Filtering all Fields/Events

Hello
Having a centralized log-stream using Logstash with more than hundreds of fields/events types.
I'm trying to apply filter to all events/fields and replacing a regex in this case email address. (removing PII)
what would be the best solution to apply filters to all fields/events and replacing a regex, without the need to identify the field names ?

Currently we are trying the following , however this does not work with json/xml with multiple nested elements, objects, array..

//filter {
//ruby {
// code => '
// event.to_hash.each { |k, v|
// if v.is_a?(String) and /@/ === v
// j = v.gsub!(/\b[A-Z0-9._%a-z]+@(?:[A-Z0-9a-z]+.)[A-Za-z]{2,5}/, "-")
// event.set(k, j)
// end
// }
// '
//}
//}

Thanks again

If you need to iterate over all the fields in an event, including the contents of hashes and arrays, then this may give you some ideas.

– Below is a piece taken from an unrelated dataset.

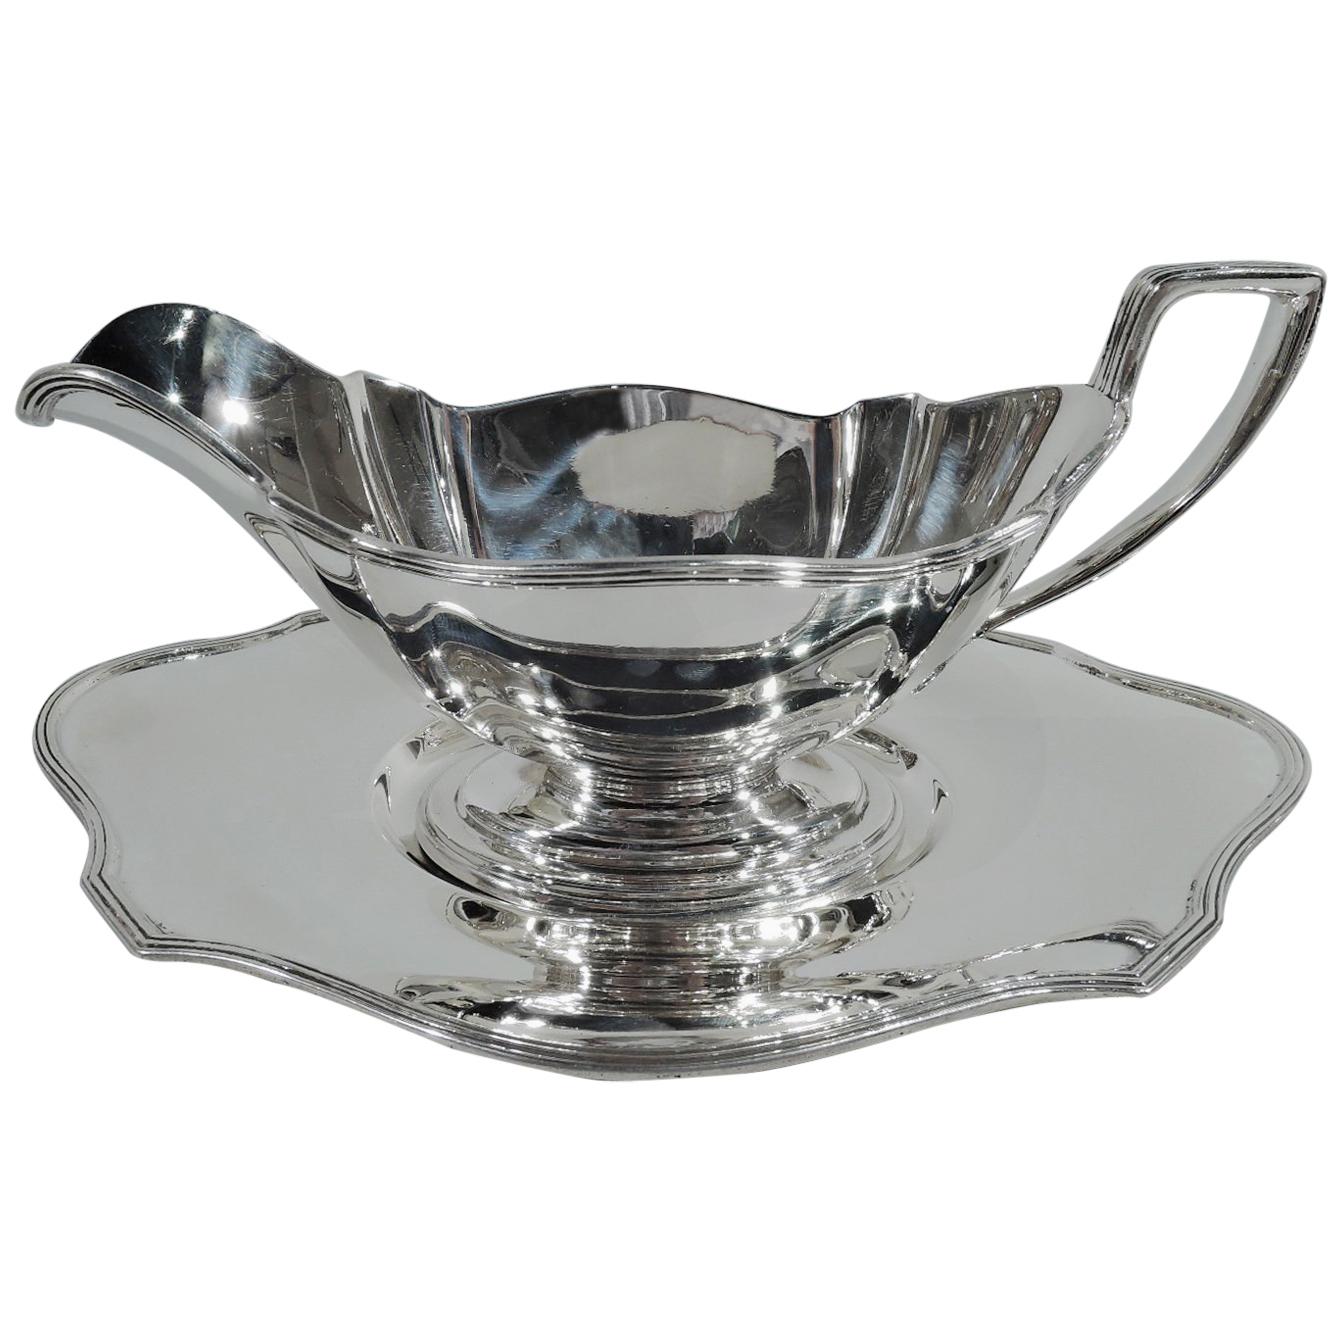 Gorham Sterling Silver Sauce Boat on Stand in Plymouth Pattern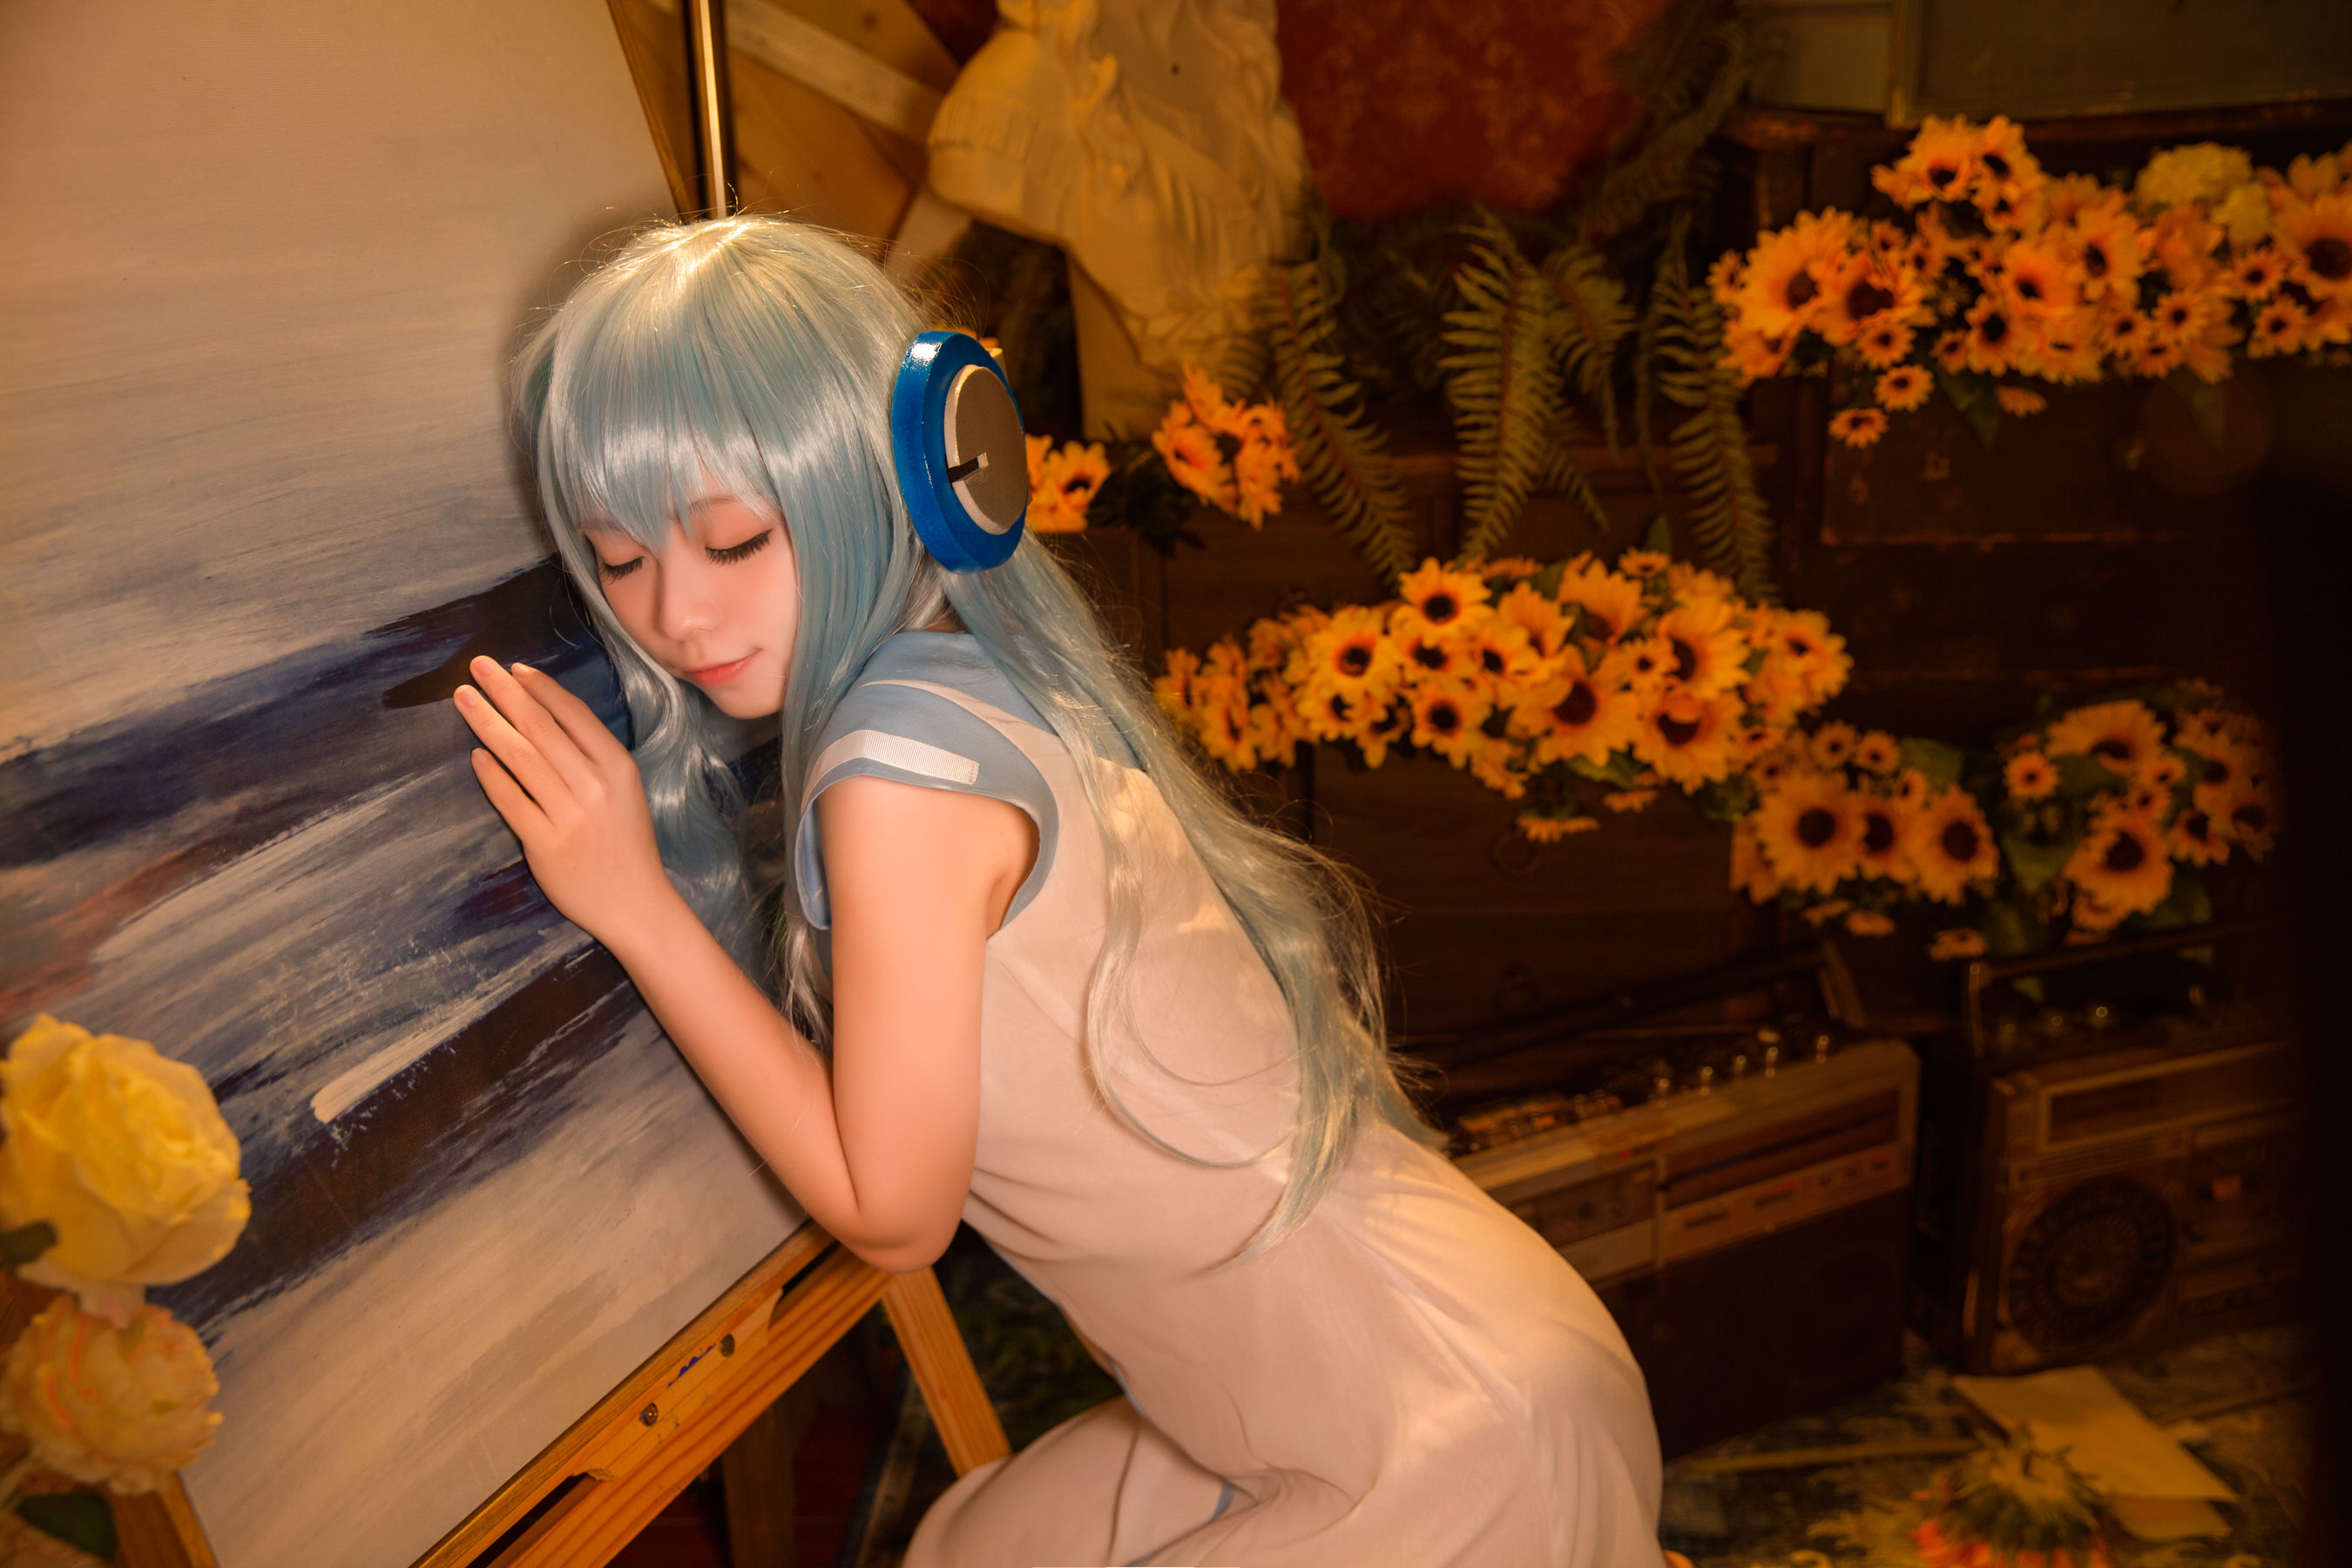 [Net Red COSER Photo] Anime blogger G44 will not be hurt - Music Box Page 7 No.5e2336

You probably do not need to do it as a ruby script, I expect it could be rewriten it as a ruby filter that uses the code option rather than the path option to get the code from a file.

Writing a regexp to match any email address that is "valid" is a really tough problem. There are valid domains that contain characters from non-English scripts such as Chinese or Cyrillic. Of course a lot of email programs will not handle such addresses even though they follow the "rules". So exotic email addresses may be "valid" but unusable.

For PII masking I would lean to being inclusive and masking things that may not be emails. This page discusses some of the options for being more or less inclusive.

Personally I would lean towards using a POSIX class like [[:alnum:]] instead of [A-Za-z0-9]

This topic was automatically closed 28 days after the last reply. New replies are no longer allowed.